Take a look at a new-age genre: analog horror


You’re sitting alone one night, the VHS playing on the TV garbling through the static. All of a sudden, the screen turns black. You’re left in the dark, where you’re not so sure you’re alone anymore.


This is analog horror. Well, technically analog horror is much more than that.


Analog horror is a subgenre of “unfiction,” a not-so-recent trend with storytelling that has recently gained popularity online. Unfiction can be loosely defined as fictional stories that are insisted to be true, attempting to convince audience members that they are witnessing something real.   


More recently, these are found online, via internet forums, YouTube videos and ARG (Alternative Reality Game) websites.


I was first introduced to the genre through The East Patch’s “Angel Hare” series on Youtube, which is one of the tamer ones you could find. However, some internet-goers recognize the genre from creepypasta stories, fictional horror short stories found on internet forums.


With the popularity of the subgenre rising, it distances itself further and further from its origins. What used to be a fear of the unknown or otherworldly has turned into the “fear of a face put through the liquidizing tool on Photoshop.” So how did all of this start?

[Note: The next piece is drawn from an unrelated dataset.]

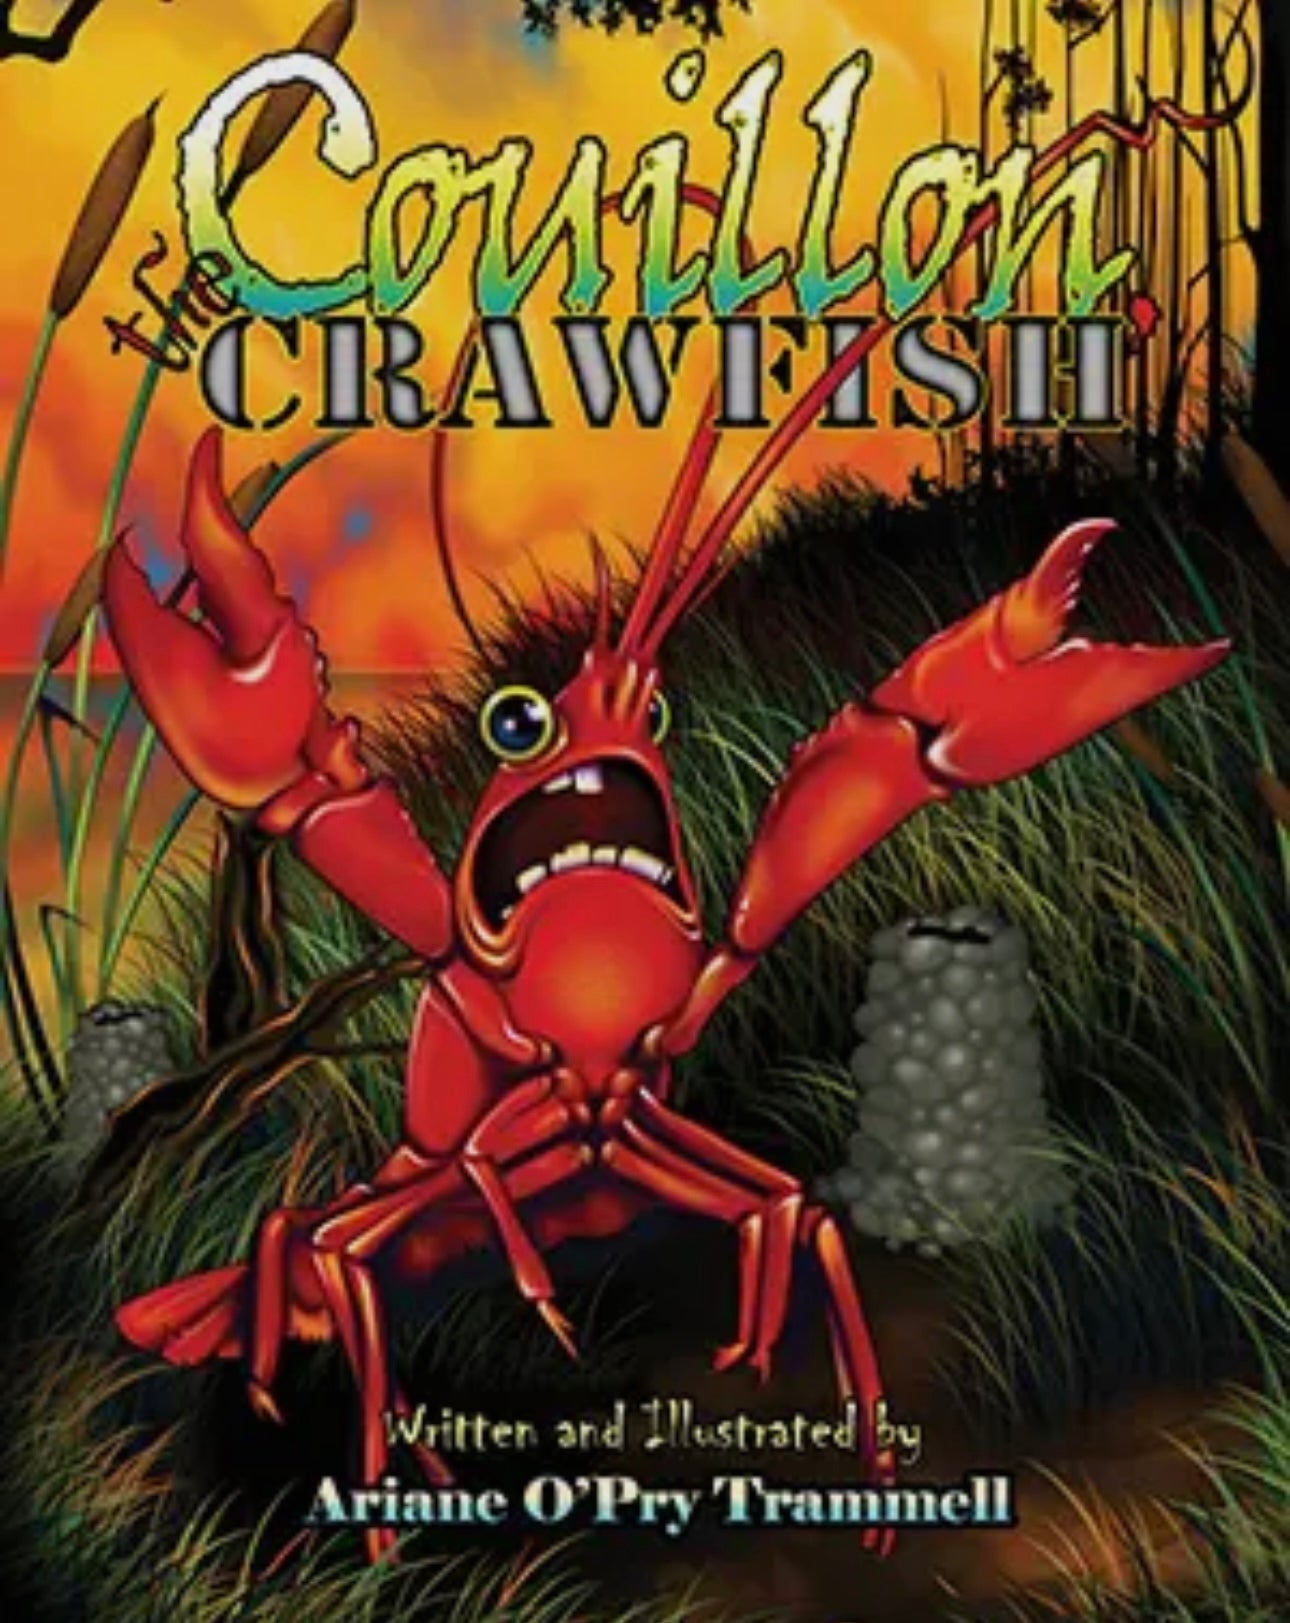 The Couillon Crawfish Book

Going WAY back to 1938, we see one of the first examples of the unfiction genre; the infamous broadcast of “War of The Worlds.”


“War of The Worlds,” a radio drama by Orson Welles, is told through a continuous radio program, periodically interrupted by breaking news bulletins of an alien invasion. Slowly, as the play continues, these news bulletins get more frequent and terrifying.


Welles wanted to create a radio drama more immersive than ever before. He succeeded, but by a bit too much. Many listeners tuning in during the performance were left unaware this was a fictional broadcast, leaving them to believe the world was actually being overtaken by aliens.


“War of The Worlds” is essential to the unfiction genre and analog horror subgenre because of this. This fear would be diluted almost completely if audiences were made aware of its ties to reality; or rather, its lack of ties.


Another early example of the unfiction genre is “The Blair Witch Project” (1999). Before its release, a marketing campaign for the film released items that pointed to the film being actual found footage.


From missing person leaflets, fake news stories and even a website filled with background information about the characters: journal entries, interviews with family members, photos and more.


“The Blair Witch Project” used the internet in ways never seen before. Before the movie reached the box office, the website was visited over 20 million times (which, given its release date, is pretty impressive).   


Shot to look like a worn-down VHS tape with terrible and grainy image quality, the film is not much to look at aesthetic-wise. However, this lays the groundwork for analog horror films to come.


While “The Blair Witch Project” (1999) and other found footage media can be seen as origins of the analog aesthetic, it wouldn't be for another 10 years that the subgenre got its footing.


While neither "War of the Worlds" or "The Blair Witch Project" are technically considered analog horror, both medias can be seen to have had a massive impact on the genre of unfiction, starting the genre off strong to blare through the static.